En su monumental Posguerra, Tony Judt escribió que “el siglo XXI aún puede ser el siglo de Europa”. Setenta años después del final de la Segunda Guerra mundial, la esperanza de Judt está lejos de cumplirse. Si el “continente oscuro” de Mark Mazower –aquella Europa sumida en la intolerancia y la violencia, y después reprimida por la paz armada de la guerra fría– ha muerto, la Europa de la posguerra, esa utopía posnacional de los años noventa, agoniza. Las fronteras externas e internas del continente se endurecen.
Al sur y al este, el avance del extremismo islámico ha sembrado el caos y la violencia. Libia es un Estado fallido. Siria sangra refugiados, pero la Unión Europea los rechaza. El Mediterráneo ya no es el Mare Nostrum, sino el foso de la fortaleza Europa. Las murallas son trampas mortales y sus guardianes aguardan en tensión la siguiente oleada de invasores. Urge detenerlos, aunque solo sean culpables de buscar una vida digna.

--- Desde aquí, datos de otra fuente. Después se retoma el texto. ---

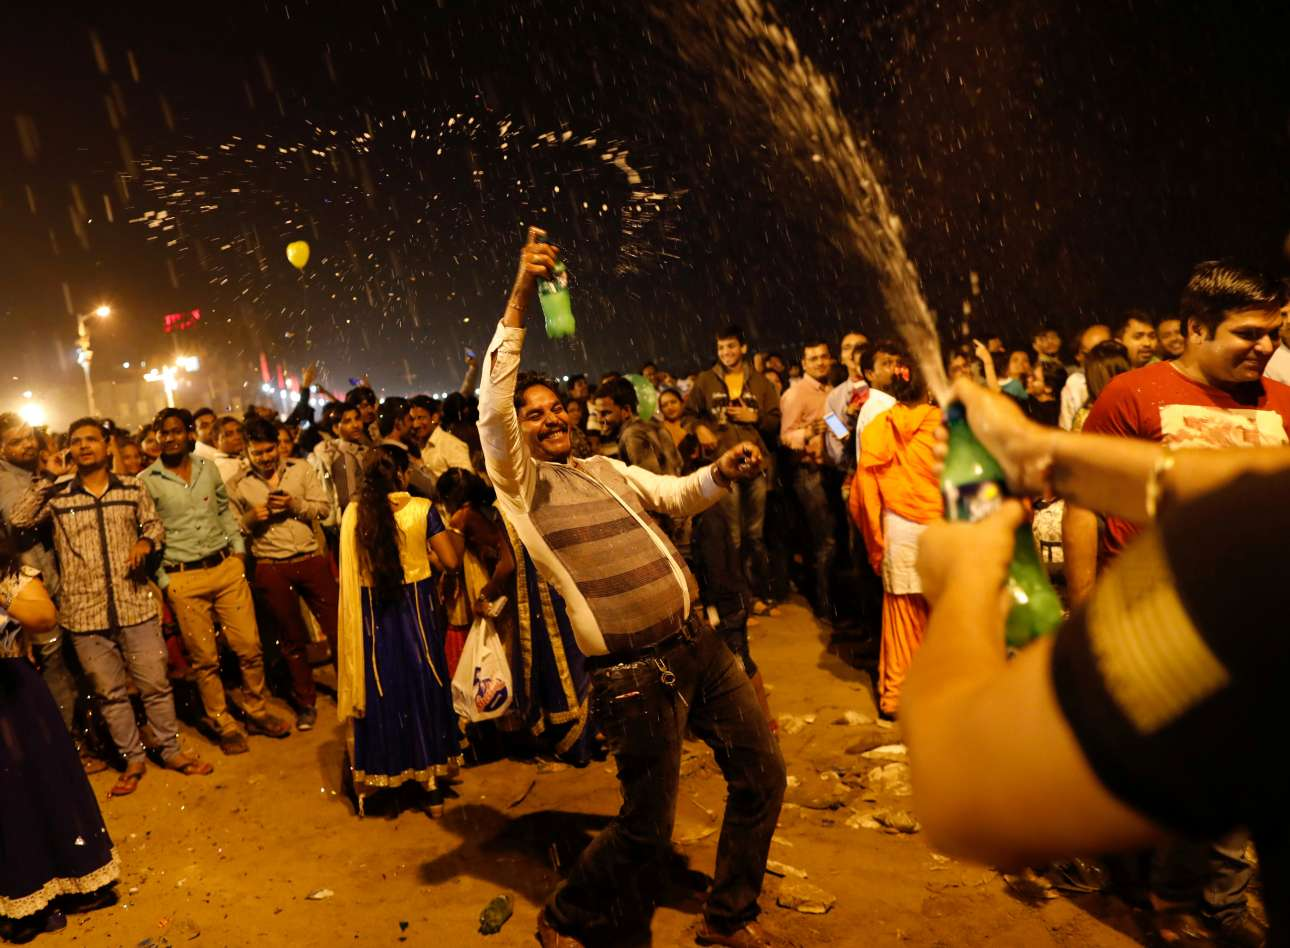 Ξέφρενο πάρτι σε παραλία στη Βομβάη (Μουμπάι) στην Ινδία

A caballo entre Europa y Asia, pero crecientemente replegadas sobre sí mismas, Turquía y Rusia están dando la espalda a Occidente. Recep Tayyip Erdogan ha sepultado el laicismo de Atatürk y se ha atrincherado en un islamismo cada vez más autoritario. Pero la política neo-otomana de Ahmet Davutoglu, antiguo ministro de Exteriores y nuevo primer ministro, no ha convertido a Turquía en un actor indispensable –o responsable– en Oriente Próximo.
Vladimir Putin también atraviesa una fase de confrontación con Occidente como resultado de la crisis de Ucrania. Este año, el punto álgido de la marcha de la victoria –el desfile militar con que Rusia celebra el fin de la Segunda Guerra mundial– fue la inauguración del Armata T-14, un tanque de última generación. Pero es Ucrania quien se ha convertido en el máximo exponente de la crisis que asola Europa. El país permanece partido entre sus identidades occidental y eslava, presentadas como polos opuestos, incompatibles. A estas alturas, probablemente lo son.
Dentro de la propia UE, las fronteras también se resienten con intensidad. Setenta años después de su derrota y 25 después de su reunificación, Alemania vuelve a ser la potencia dominante de Europa. Pero su liderazgo viene marcado por una austeridad que genera resistencia en vez de adhesión. La petición de reparaciones de guerra por parte de Grecia muestra hasta qué punto el Reich financiero de Berlín despierta los demonios del pasado.
Reino Unido ha emprendido un viaje a ninguna parte. La política exterior británica –incluso la referente a la UE– ha brillado por su ausencia en la reciente campaña electoral. El auge de UKIP y el nacionalismo escocés, unidos a la pérdida de peso a nivel internacional han dejado a la isla desnortada y posiblemente desfigurada: como señala Owen Jones, el cóctel de austeridad, eurofobia y nacionalismo inglés por el que está apostando David Cameron es una receta para la crispación social.
Incluso Francia, que con Charles de Gaulle apostó por el europeísmo como trampolín para aumentar su influencia en el mundo, amenaza con caer víctima del chovinismo. El país ya no quiere ser la segunda patria de nadie; si Marine le Pen continúa avanzando en las encuestas, no lo será siquiera de aquellos franceses que no comulguen con su ideario ultraderechista del Frente Nacional. Con un presidente hundido por su incompetencia, la gran esperanza del país es Nicolas Sarkozy.
Los problemas de Europa son en gran parte heridas autoinflingidas. El Mediterráneo es un cementerio y Libia un Estado fallido porque las políticas europeas de seguridad e inmigración han fracasado. El portazo de Turquía a Europa se explica tras años de ninguneo. La crisis en Ucrania tiene como telón de fondo avance oriental de la OTAN, que ha arrinconado a los dirigentes rusos en un nacionalismo reaccionario. Y el auge de la xenofobia en la UE tiene mucho que ver con el daño económico y social que han causado las políticas de austeridad aplicadas desde 2010.
El impasse de Europa es demasiado profundo como para que lo solucionen un puñado de líderes brillantes. Pero se echan en falta líderes brillantes: François Hollande y Angela Merkel son pigmeos al lado de de Gaulle y Helmut Kohl. También se echa en falta a Judt y su europeísmo: tan comprometido, tan apasionado y tan poco complaciente.